Profound immune dysregulation is an increasingly recognized feature of myelodysplastic syndromes (MDS), contributing to ineffective hematopoiesis and driving disease progression. Immune dysregulation in MDS is highly complex and composed of many interdependent factors, including clonal hematopoietic cells with somatic mutations providing faulty signals to the immune system and altered cells of the bone marrow microenvironment contributing to inflammation and immunosuppression. Cellular components of disturbed immune regulation include T and natural killer cells, myeloid-derived suppressor cells as well as MSC. In this perspective, we highlight the role of the various players contributing to immune dysregulation in MDS and discuss novel therapeutic approaches currently being designed to improve treatment options.

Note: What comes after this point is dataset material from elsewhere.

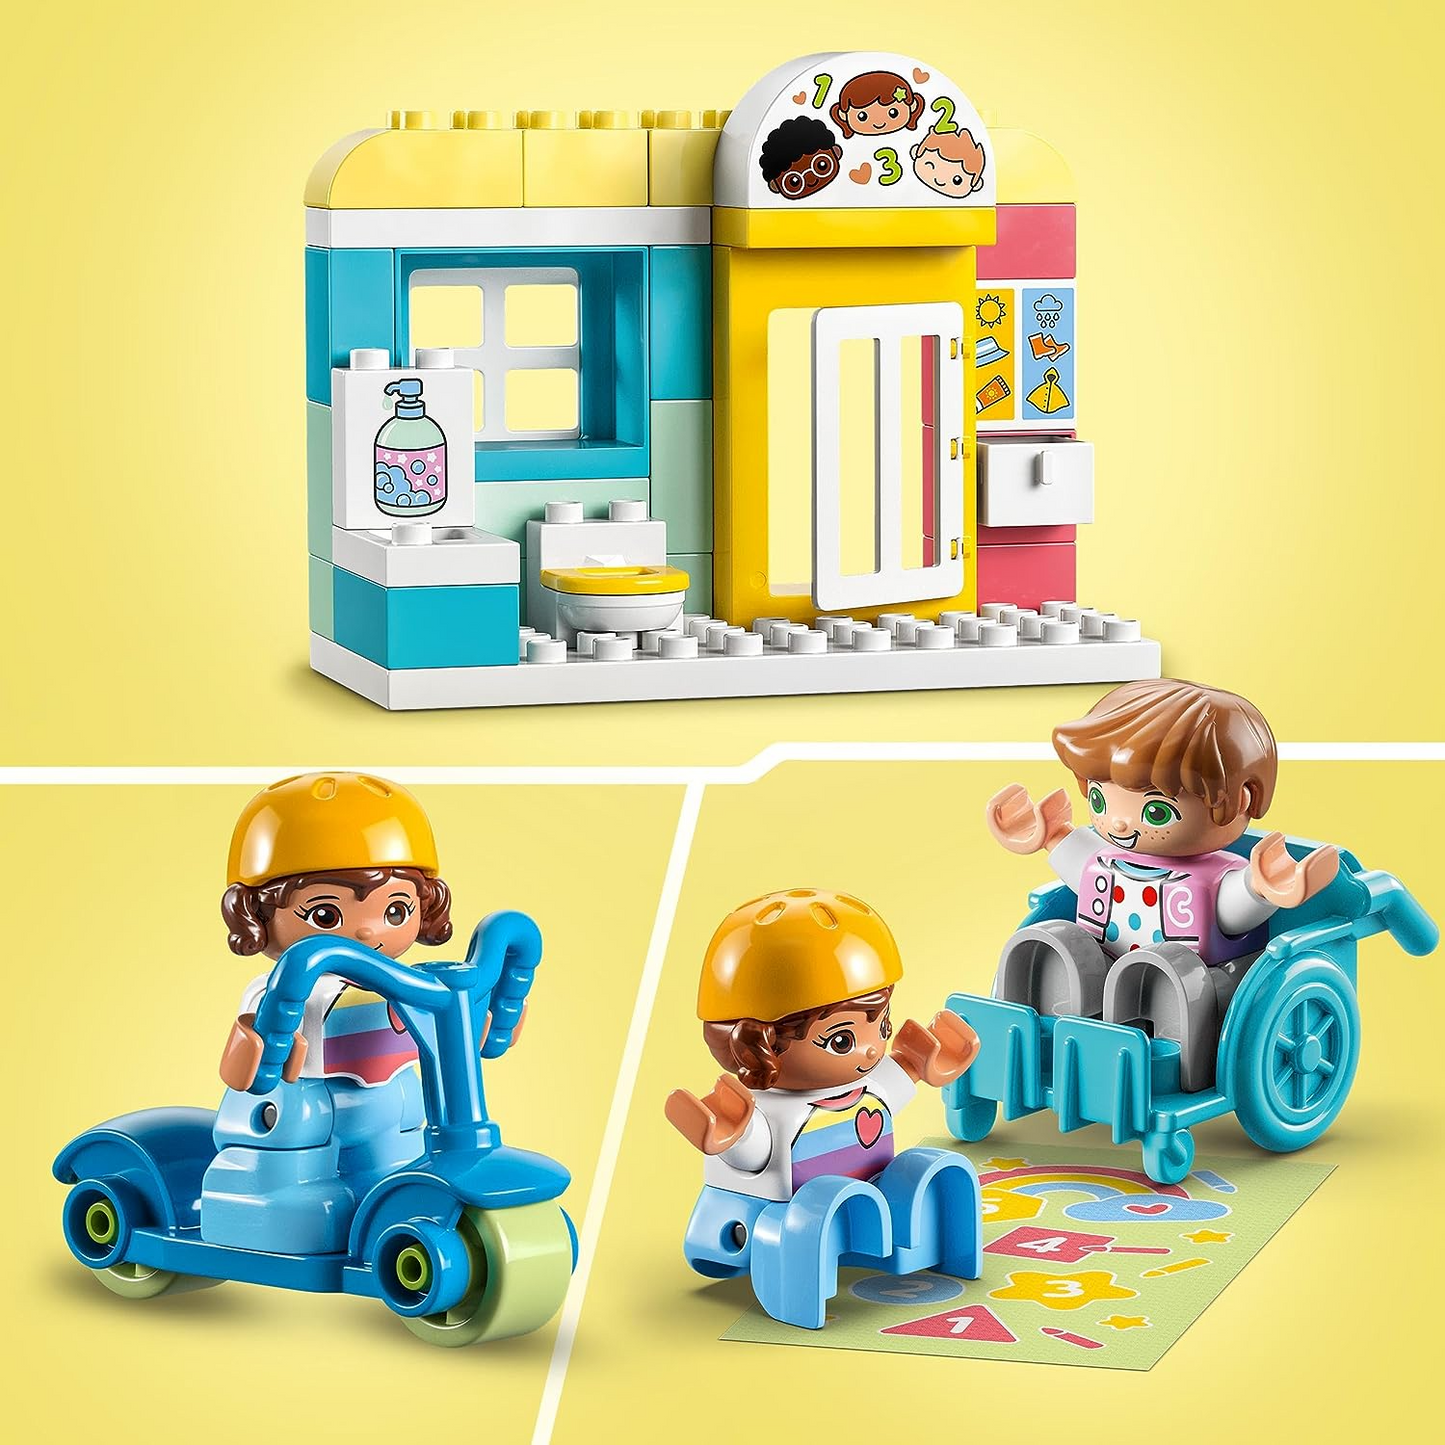 LEGO 10992 DUPLO Town Life no berçário, brinquedo educativo para crianças de 2 anos ou mais, conjunto de aprendizagem com tijolos de construção e 4 figuras incl. Professor de pré-escola

MDS: A heterogeneous disease with distinct elements of immune dysregulation

MDS are clonal hematopoietic stem/progenitor cell (HSPC) disorders characterized by ineffective hematopoiesis, peripheral cytopenias, and a risk for transformation to acute myeloid leukemia (AML). Distinct acquired epigenetic and genetic mutations have been detected in MDS HSPC and are considered disease-initiating events.[1] Recent work has also highlighted the role of the immune system as well as of the bone marrow mesenchymal stromal cells (MSC) compartment (ie, stem cell niche) in the development and progression of MDS.[2,3] The interplay between clonal hematopoietic cells, cells of immune system, and the specific bone marrow microenvironment is central to how MDS manifests itself.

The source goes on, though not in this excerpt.